I took the lithium. All it did was make me more depressed. Apparently this is quite common, and the usual response is to take it along with another anti-depressant like Wellbutrin. I took both. I was still depressed, and I wasn’t necessarily more stable, which was the supposed intention.

At this point, I kind of figured my doctor would reevaluate. Go back to basic premises, you know? The typical treatment regimen wasn’t working, so she could have started over. But she didn’t. She just kept trying to up the dosage of things or add drugs.

I should have fired that doctor.

However, I didn’t. I was a wreck. I didn’t know if she was right, and I was just being a difficult patient. I didn’t have enough faith in myself at the time to stare that woman in the face and tell her, with all her experience and her degrees, that I thought she was doing something wrong.

I now think that the “highs” were anxiety as opposed to mania. So I have a combination of anxiety and depression. But I could be wrong. I could still be wrong. I just didn’t have the strength to argue with the expert.

In the end, I knew we were moving because of my husband’s work, so I just survived until it was time to move. Got a new psychiatrist – even had her recommend someone.

When we moved, my new psychiatrist looked at my patient history and was quietly surprised at my diagnosis and my medications.

I was so relieved when he agreed to start reducing my dose of lithium, something my other psychiatrist had resisted strongly.
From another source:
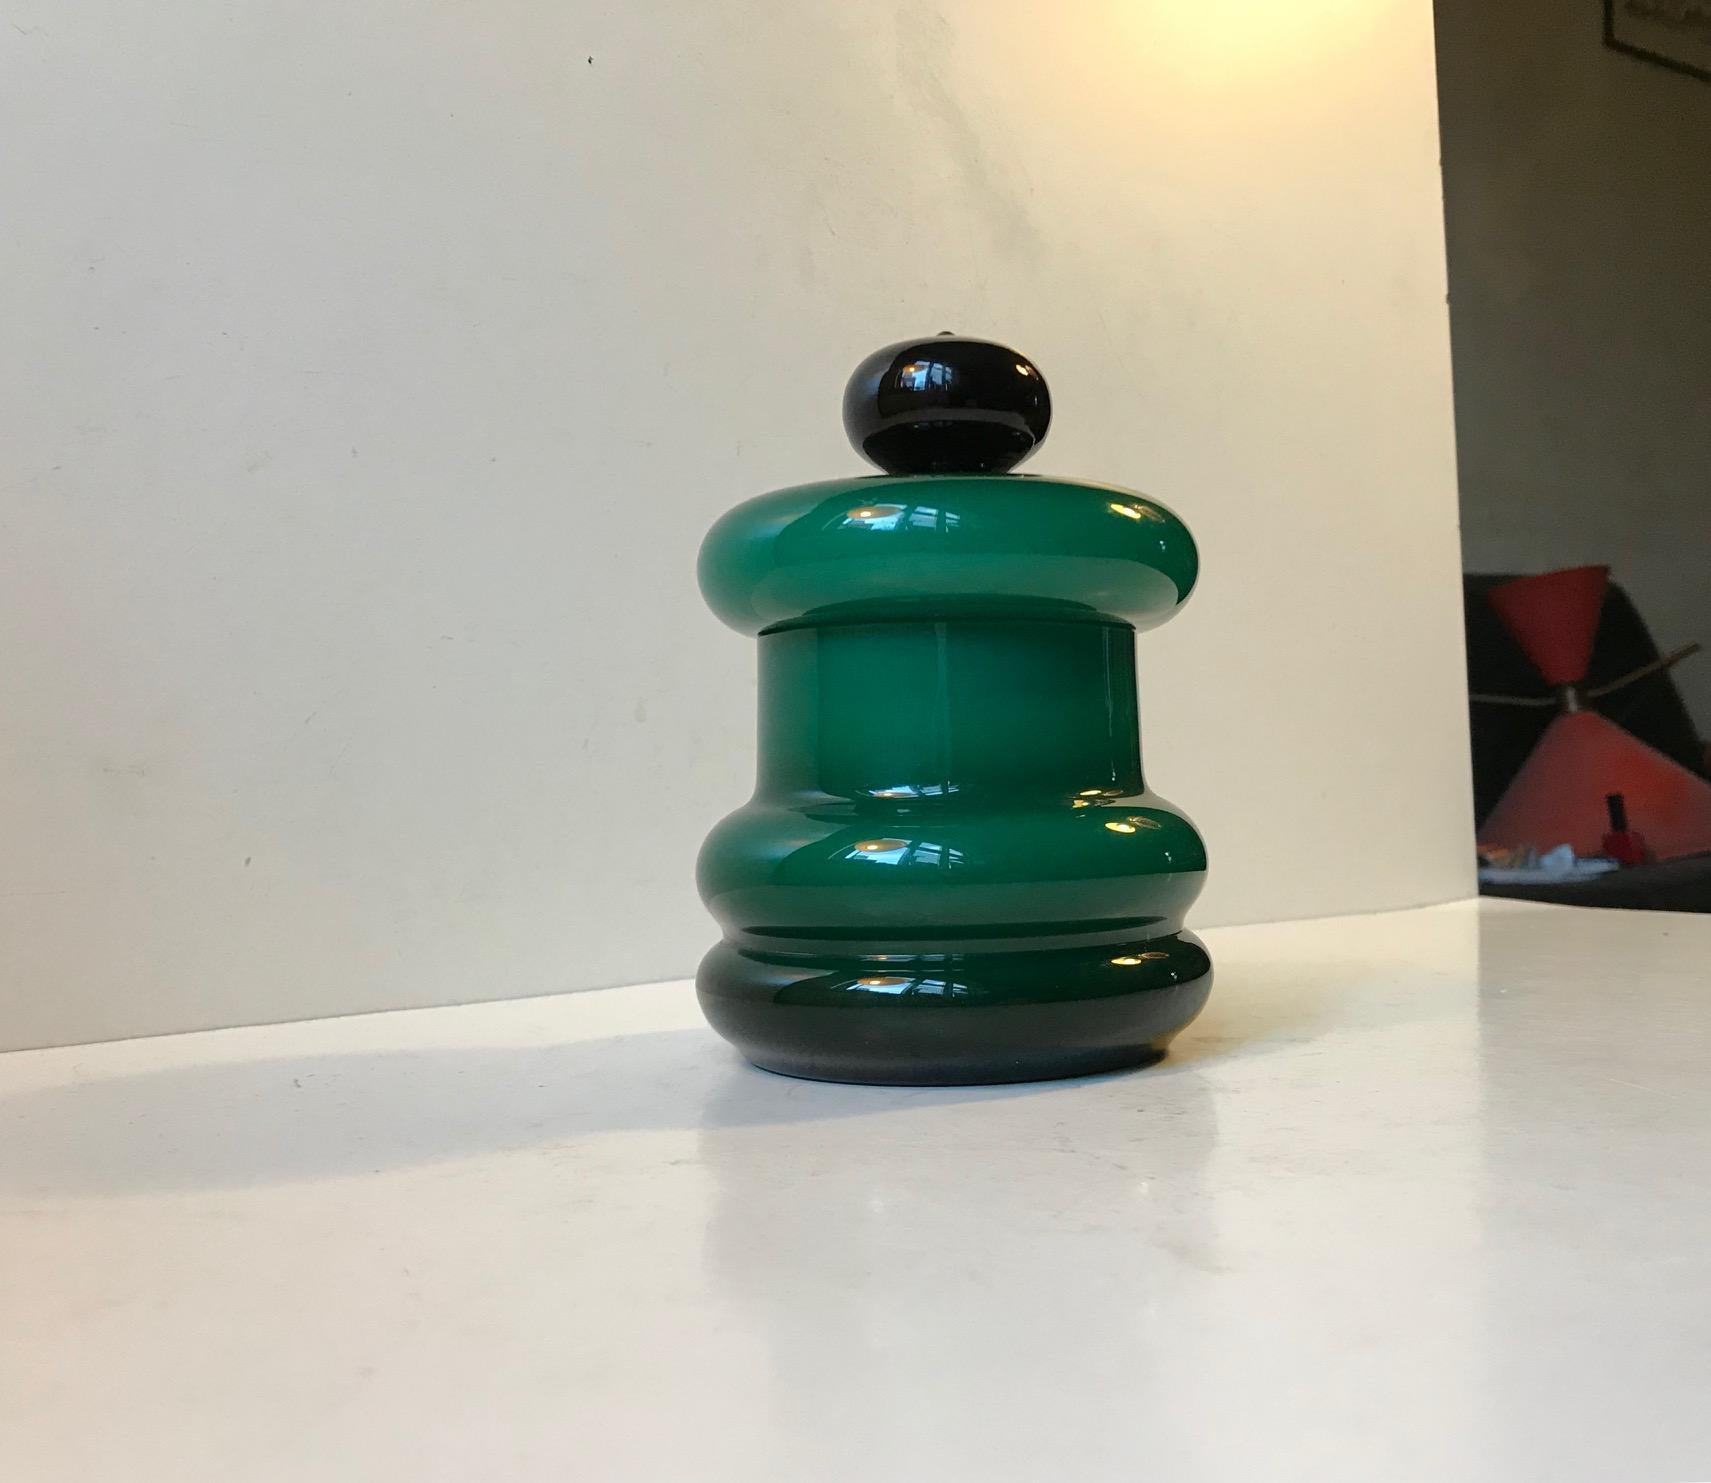 Dieses smaragdfarbene Gefäß mit Deckel wurde in den späten 1950er oder frühen 1960er Jahren in Empoli in Italien hergestellt und entworfen. Es besteht aus einem ummantelten Außenglas, dessen Farbton je nach den Kurven seiner Form variiert. Der

I immediately felt lighter.

Things got better. My psychiatrist agreed to try tapering off all the medication gradually, since my husband and I wanted to start a family. I had reduced my work stress to almost zero, which had helped my mood a lot.

Over two years later, here I am.

I have a one year old daughter. She is amazing.

I made it through my entire pregnancy and her first year without any medication. I’m happy about that – even though I know many women choose to take medication. I was ready to take the meds if I needed them, and I’ve been in therapy the whole time.

Without medication I am less resilient, less able to handle things than otherwise. I will go back to some kind of anti-depressant again at some point, most likely. I’ve accepted that. I’ve accepted that I will probably never be “cured.”

I’ve also accepted that a diagnosis that explains everything is probably not in the cards for me. I have both depression and anxiety. I have really good days, too. Whether those “good days” are hypomania associated with some variant of bipolar disorder doesn’t, in the end, matter as much as I once thought. Maybe that psychiatrist was right – I am bipolar. Maybe she misinterpreted anxiety as hypomania.

Being able to do the things that matter to me is what matters. When a diagnosis and a treatment schedule wasn’t helping, it was a problem rather than a solution.

A diagnosis can be a powerful thing. It can be like the Rosetta stone that makes your whole life suddenly make sense. It can be a lifeline connecting you to others like you. It can be a roadmap that guides treatment and drug choices.

Or it can be an albatross around your neck. Or it can simply be a dead end.